Na reunião, além de se comprometer a zerar a Cide sobre o diesel – medida já anunciada na terça – o governo disse que vai ressarcir a Petrobras para que a estatal estenda por um mês o desconto de 10% sobre o preço do diesel na refinaria. No entanto, o acordo para a trégua deixou de fora a isenção do PIS/Cofins sobre o óleo diesel, principal reivindicação da categoria.
CAMINHONEIROS NÃO ACEITAM
Caminhoneiros autônomos parados nas rodovias disseram, após a divulgação do acordo, que não acabarão com a greve.
“Os supostos sindicatos que estão negociando não representam os caminhoneiros que estão na rua”, disse o motorista Aguinaldo José de Oliveira, 40, ao jornal Folha de S.Paulo. Para ele, que trabalha com transportes há 22 anos, o movimento não tem um líder.
“São uns aproveitadores que não falaram com a gente antes da greve e chegaram agora, quando já estava tudo parado”, afirma o caminhoneiro, parado na av. Anhaguera, Campinas. “Estou em mais de 30 grupos de WhatsApp e em nenhum aceitaram esse acordo.”
AEROPORTOS EM ESTADO CRÍTICO
As reservas de combustível do aeroporto de Brasília se esgotaram na manhã desta sexta-feira (25) após cinco dias de paralisação dos caminhoneiros pelo aumento do preço do diesel.
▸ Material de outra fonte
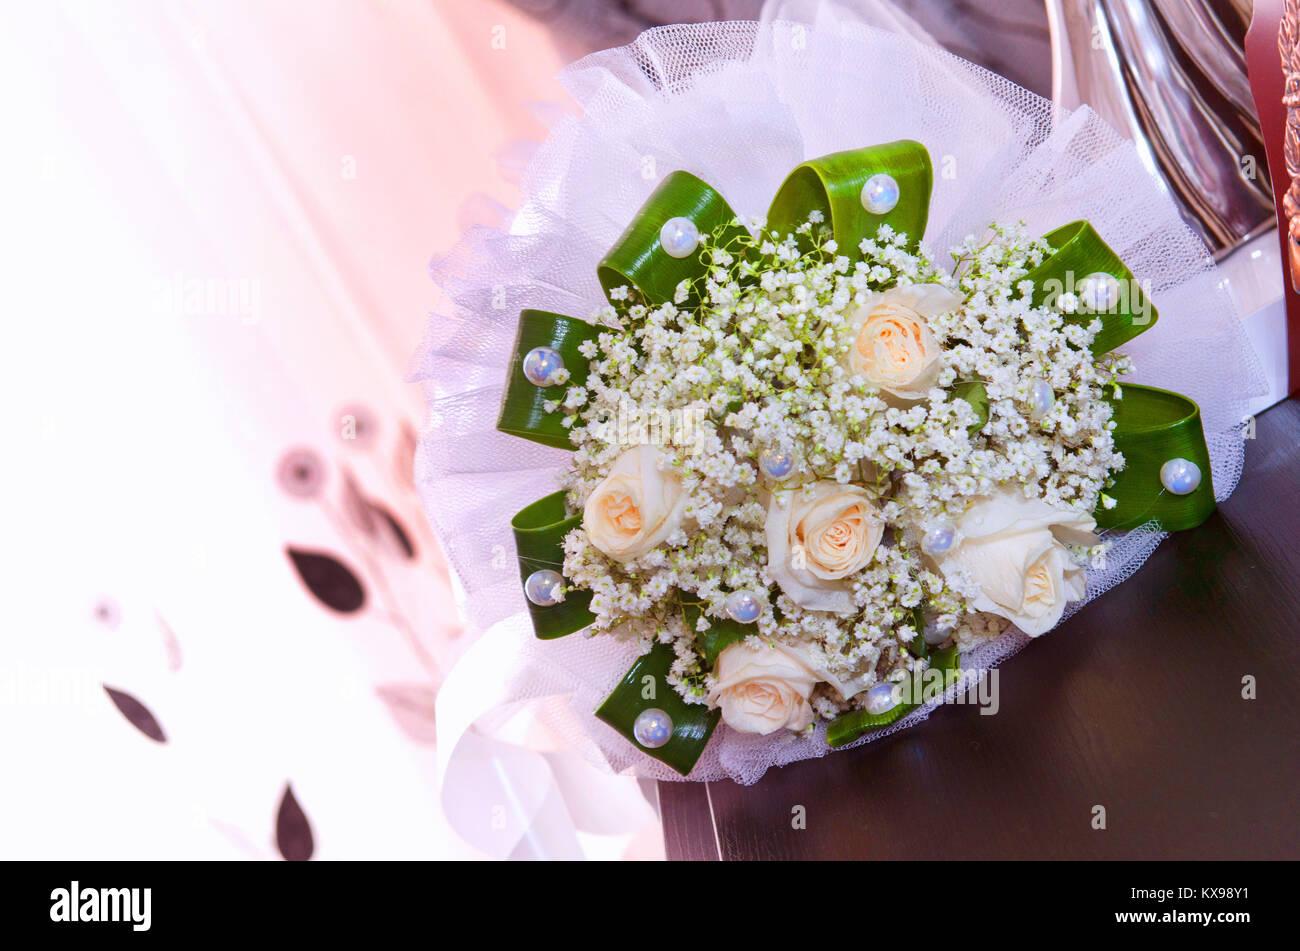 White Wedding Und Engagement Flower Bouquet Schonen Brautstrauss Mit

Em nota, a Inframerica, responsável pelos aeroportos do Distrito Federal e de Natal, divulgou que aviōes que necessitam de abastecimento devem ficar em solo até a situação ser normalizada.
O último relatório da Infraero, divulgado ontem, apontou situação crítica em ao menos sete aeroportos: Recife, Ilhéus, Goiânia, Palmas, Maceió, Carajás, São José dos Campos e Uberlândia.